18.2 As regards the method for determining the SFR, the board considers the following issues to be relevant:

18.2.1 Whilst the DNA integrity index (DII) corresponds to the amount of cell free nucleic acid longer than a given length to the amount of cell free nucleic acid shorter than a given length, the DNA size fraction ratio (SFR) corresponds to the ratio of two size fractions. DII and SFR are both nucleic acid fragmentation indexes (cf. page 14, lines 19 to 26; see also page 14, line 27 to page 15, line 17).

18.2.2 According to the patent application, electrophoresis is not an appropriate analytical method to appreciate cell free or circulating nucleic acid in the ranges of interest, i.e. <100 bp (cf. page 66, line 19 to page 67, line 4). The analysis and amount of cell free or circulating nucleic acid is carried out by using pairs of primers to amplify several amplicons of different (long and short) length or size. On page 46, Example I refers to the design and use of 9 pairs of primers that allow the amplification of amplicons of 60, 73, 101, 145, 185, 249, 300, 357 and 409 bp. Whilst all these primer sets are used in Example VI to calculate cirDNA concentration profiles (cf. page 63), only three amplicons are used in Example VIII, namely the 73 bp, 145 bp and 300 bp (cf. page 66, line 13). Example XI reports the calculation of SFR using these set of primers (cf. page 69). Example XII reports the determination of DII and SFR using the sets of primers shown in Tables 7 and 8 (cf. page 70, and paragraph bridging pages 71 and 72).

18.2.3 Both DII and SFR rely on the amplification of (amplicon) sequences of different (long and short) length or size.
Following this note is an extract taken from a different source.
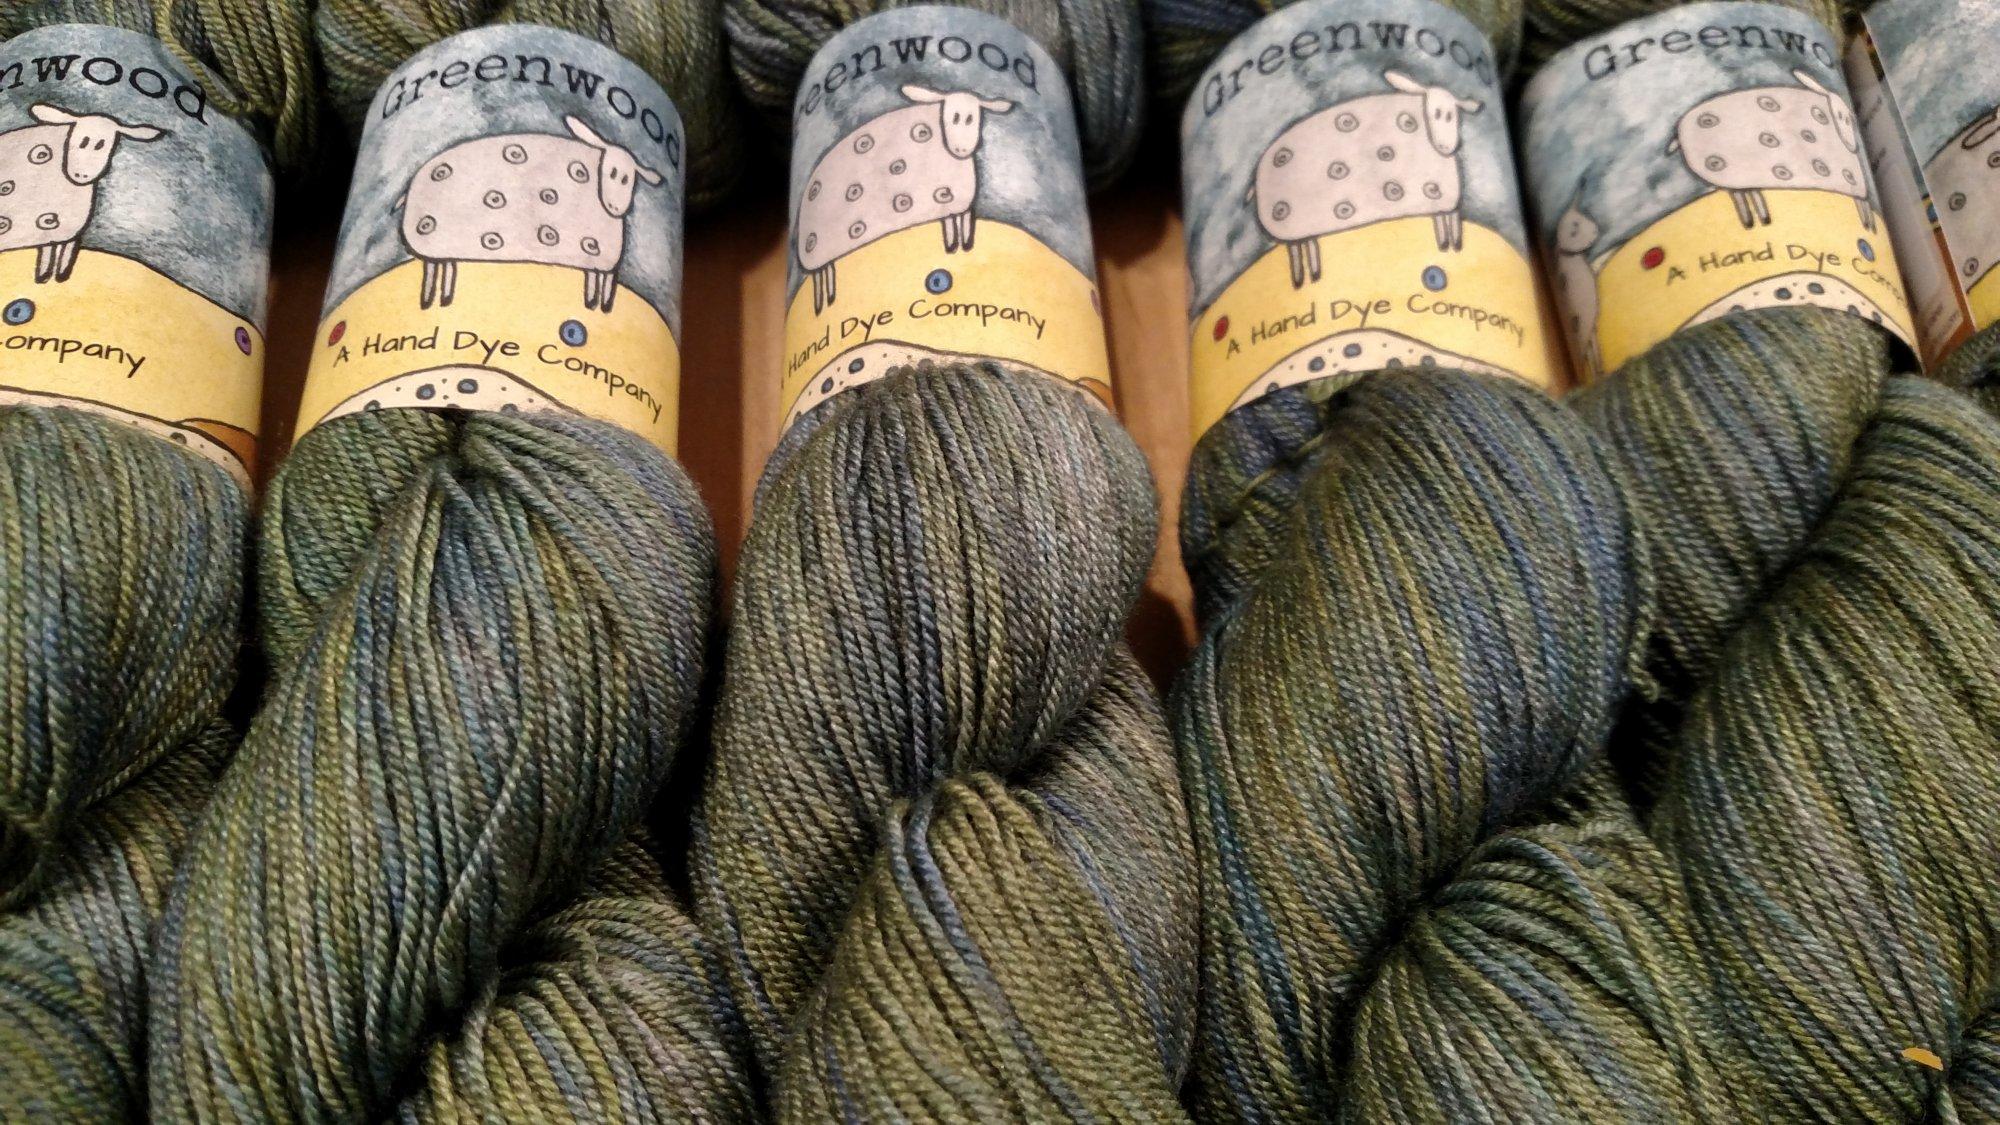 Greenwood Fiberworks Yakity Yak - Seaglass variegated
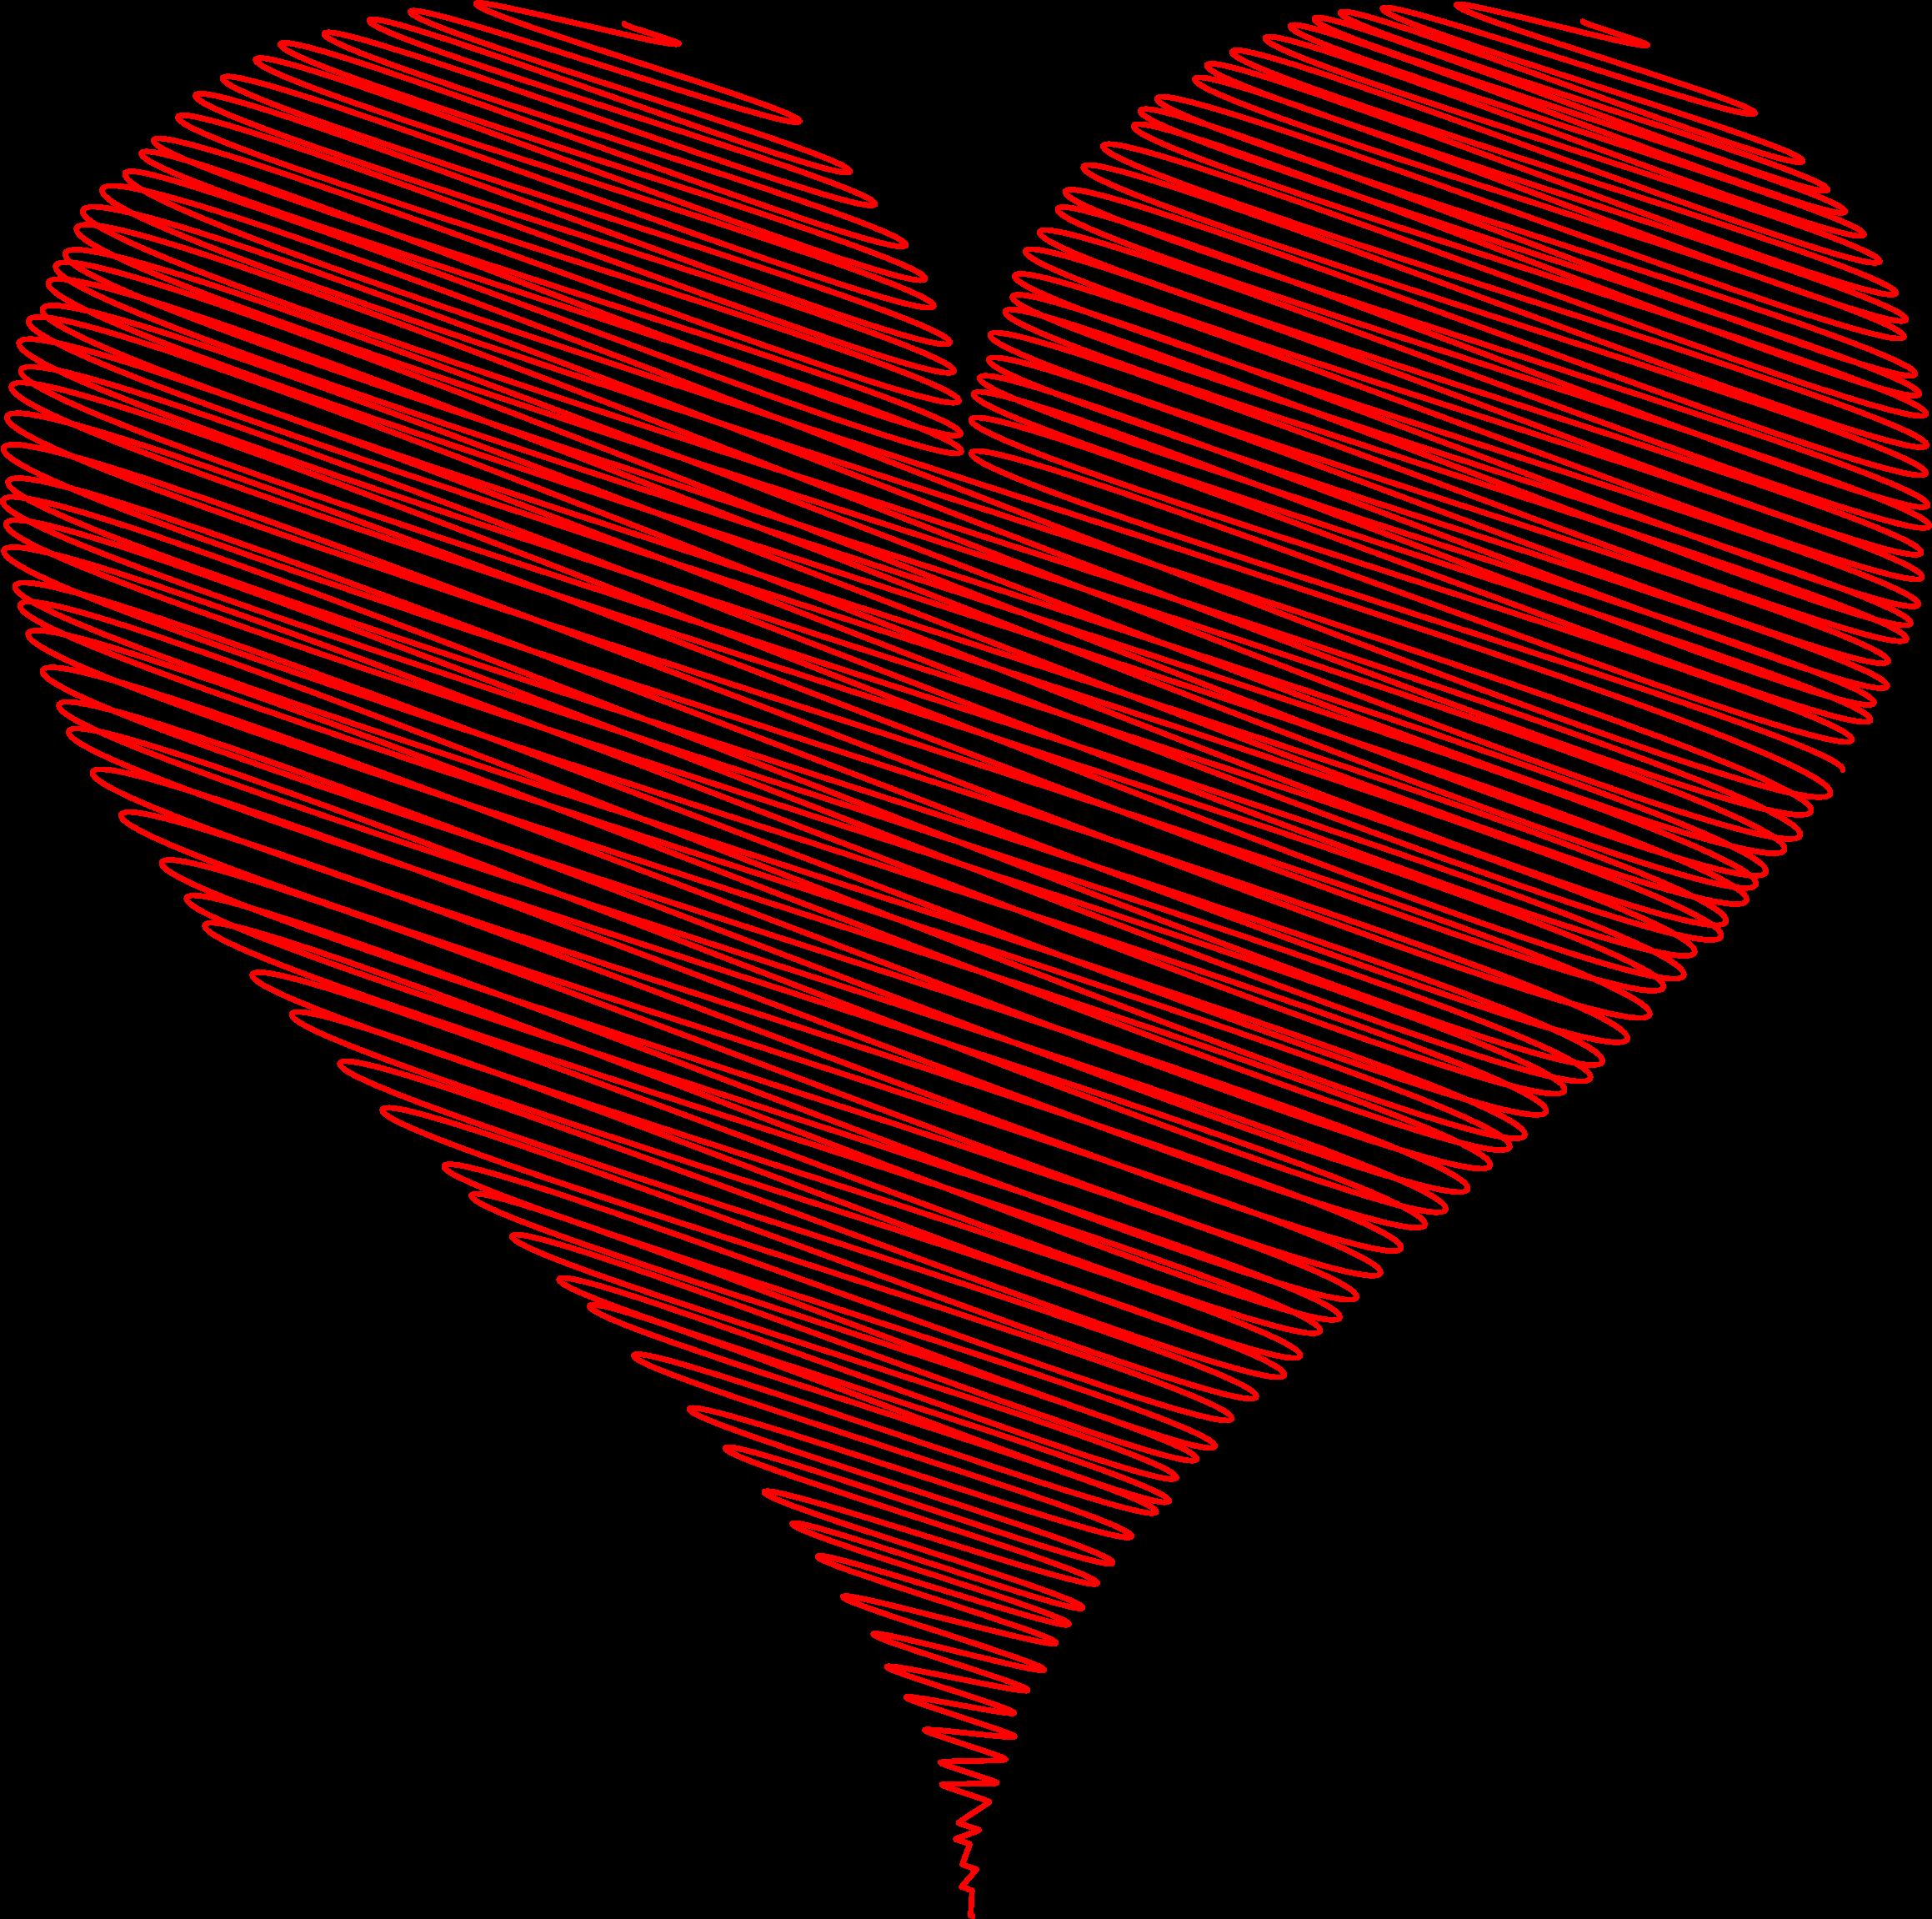 Polka dot heart clipart jpg free Clipart - Scribbled Heart jpg free

Whilst, for the calculation of a DII, it is enough to carry out or perform a (PCR) amplification of one long and one short (amplicon) sequence, for the calculation of a specific size range (used for determining the SFR), several (PCR) amplifications of long and short (amplicon) sequences of different length or size (falling within said specific size range) may be carried out - even though it is not necessary to carry out a (PCR) amplification for each and every long and short (amplicon) sequence of a length or size falling within said specific size range. Indeed, in the absence of any further indication in the claim, if only one long (amplicon) sequence and only one short (amplicon) sequence - falling within a specific size range - are (PCR) amplified, the determination of a SFR using only these two (amplicon) sequences appears to be identical to a calculation of a DII using these two (amplicon) sequences. Thus, for a meaningful technical definition of the SFR, it is not enough to define the specific size ranges of said SFR but it is also necessary to further specify the length or size of the long and short (amplicon) sequences used in said determination, i.e. the number of (amplicon) sequences used within the specific (long and short) size range and, preferably also, the specific length or size of these (amplicon) sequences on which the determination of SFR is based. In other words, it is necessary to further define the actual method used for determining said SFR (cf. "Case Law", supra, II.A.3.5, 298, characterisation by a parameter).

19. Thus, auxiliary request 3 does not fulfil the requirements of Article 84 EPC alone and/or in combination with Article 83 EPC.